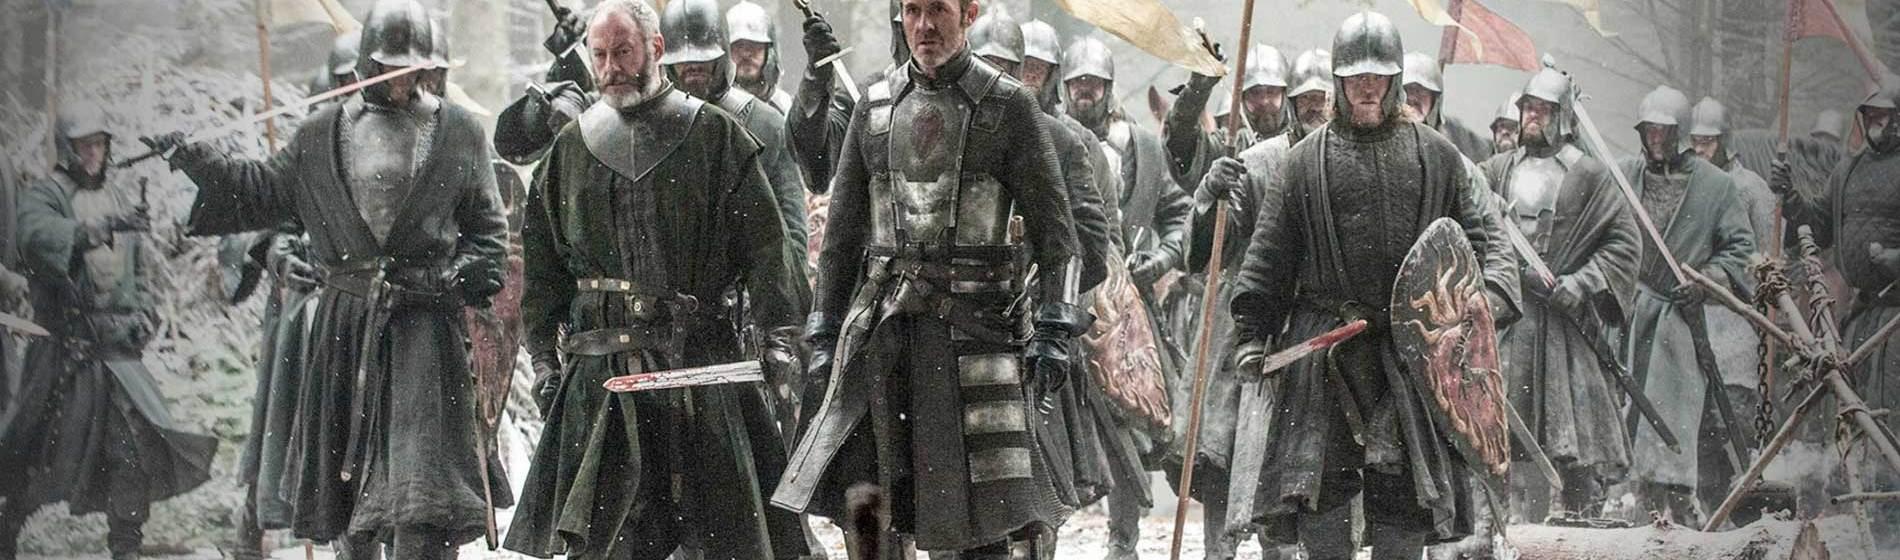 Game of Thrones - Season 4 Episode 10 - Stannis
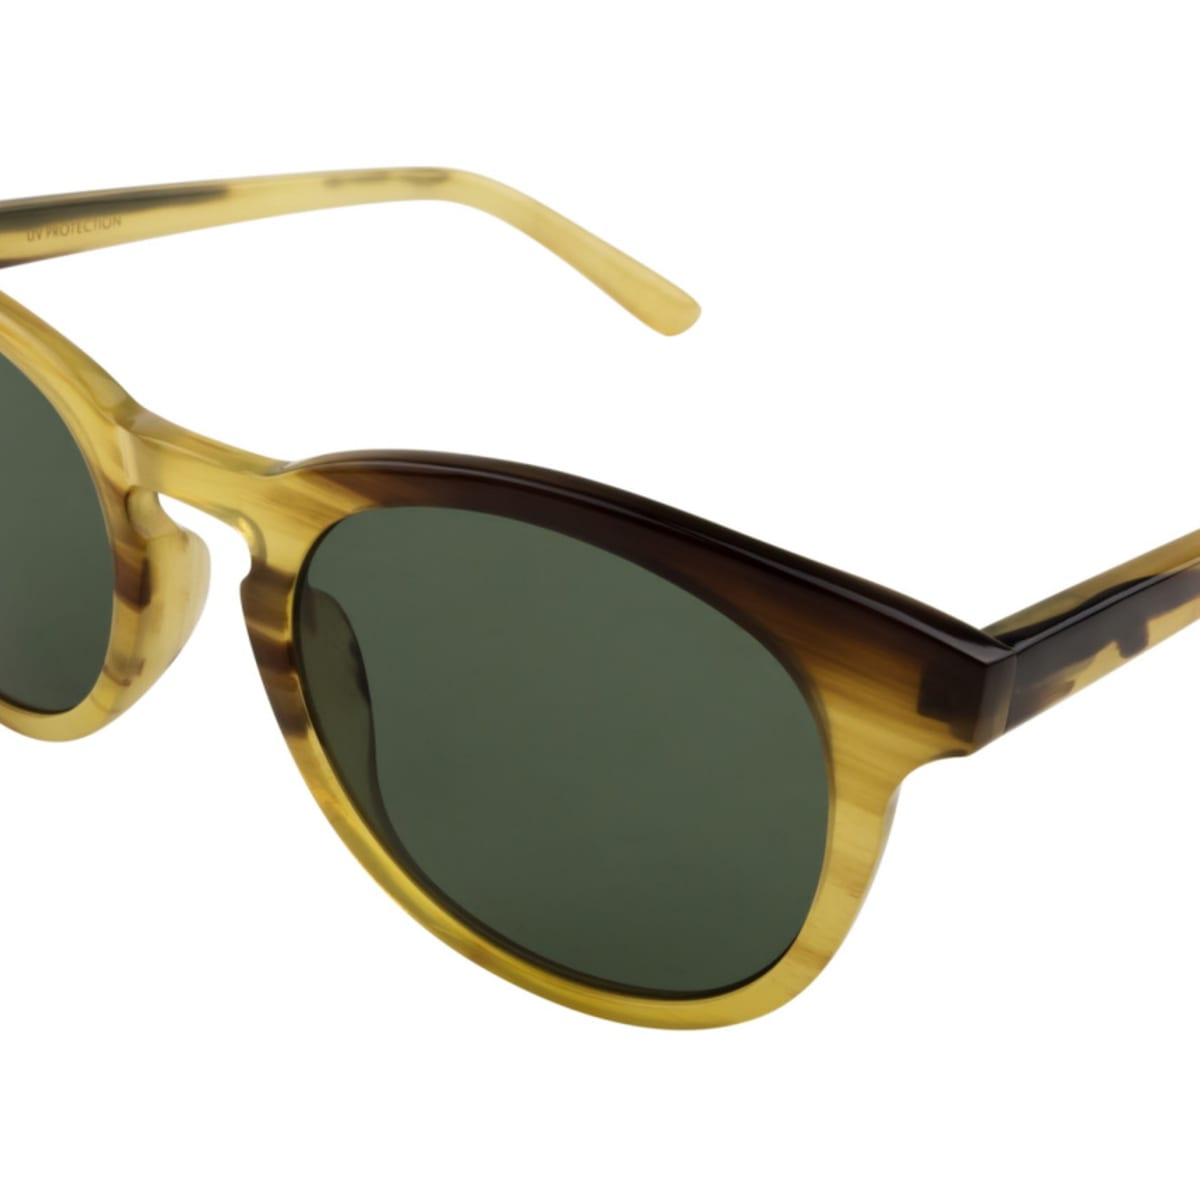 foto de Kent Wang's exotic (and accessible) Horn sunglasses - Acquire
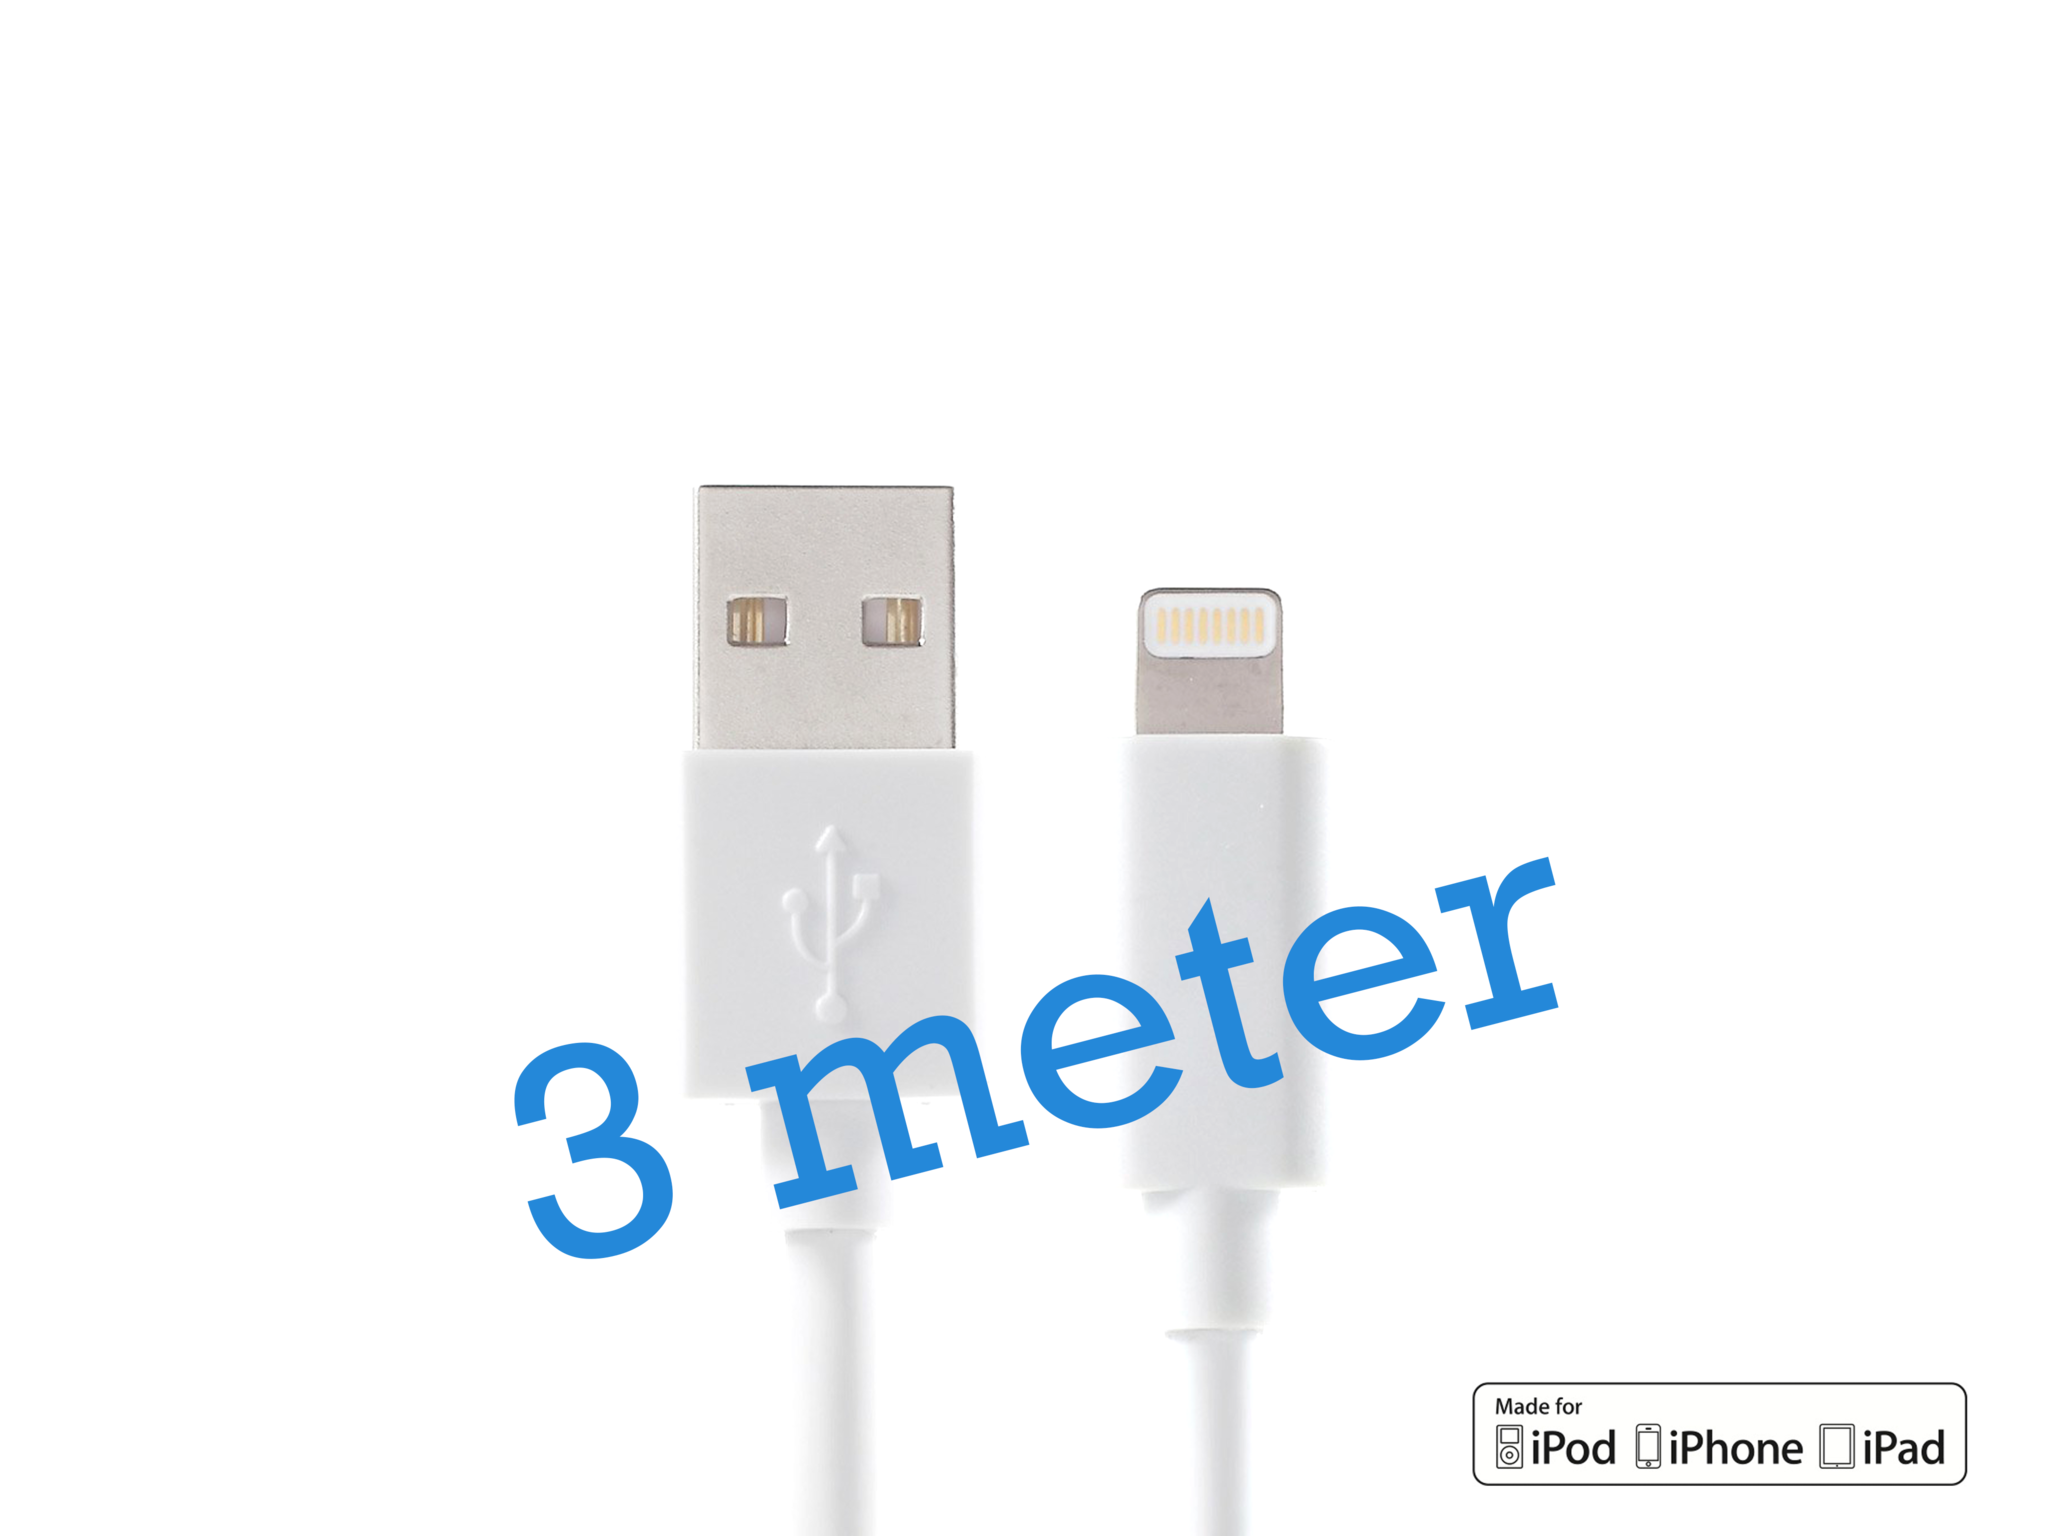 iPhone kabel 3 meter
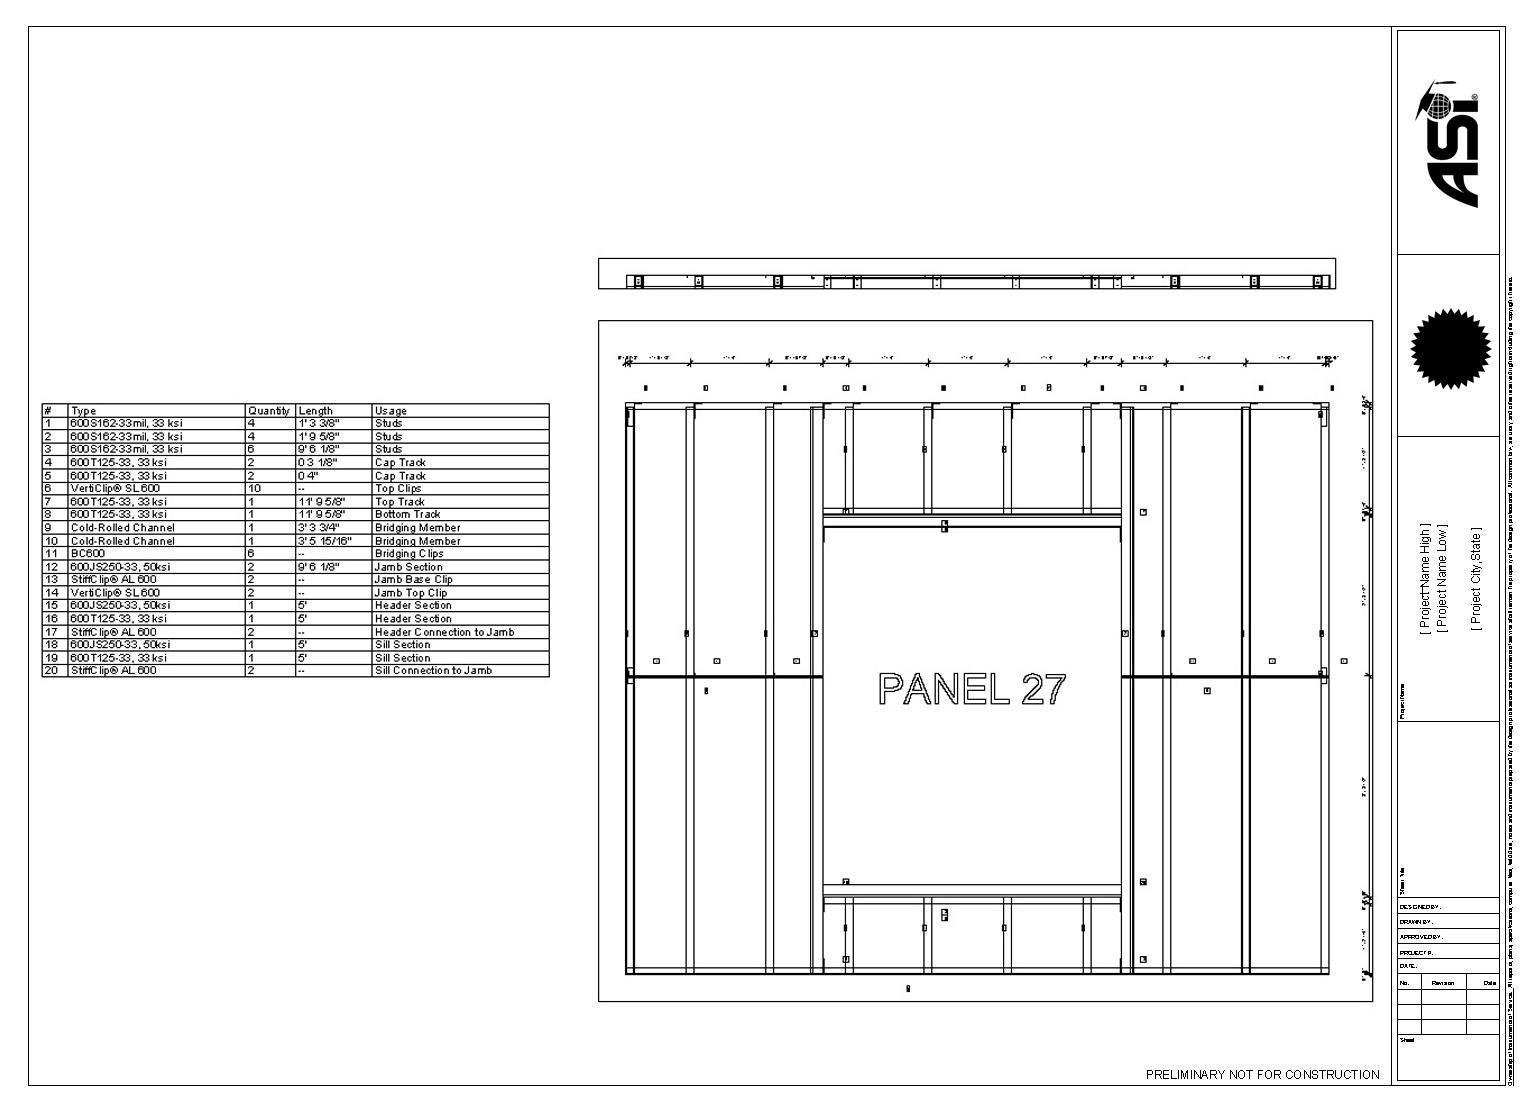 Steelsmart Framer Light Steel Framing Bim Autodesk Revit Plugin English Drawing Shear Force And Bending Moment Diagrams Youtube Panel With Cut List

****************************************

BRIEF: Skipping any images, write out all the data exactly.

ANSWER TO THIS PROBLEM:
 Game of Thrones - Season 4 Episode 10 - Stannis
 foto de Kent Wang's exotic (and accessible) Horn sunglasses - Acquire
 iPhone kabel 3 meter
 Steelsmart Framer Light Steel Framing Bim Autodesk Revit Plugin English Drawing Shear Force And Bending Moment Diagrams Youtube Panel With Cut List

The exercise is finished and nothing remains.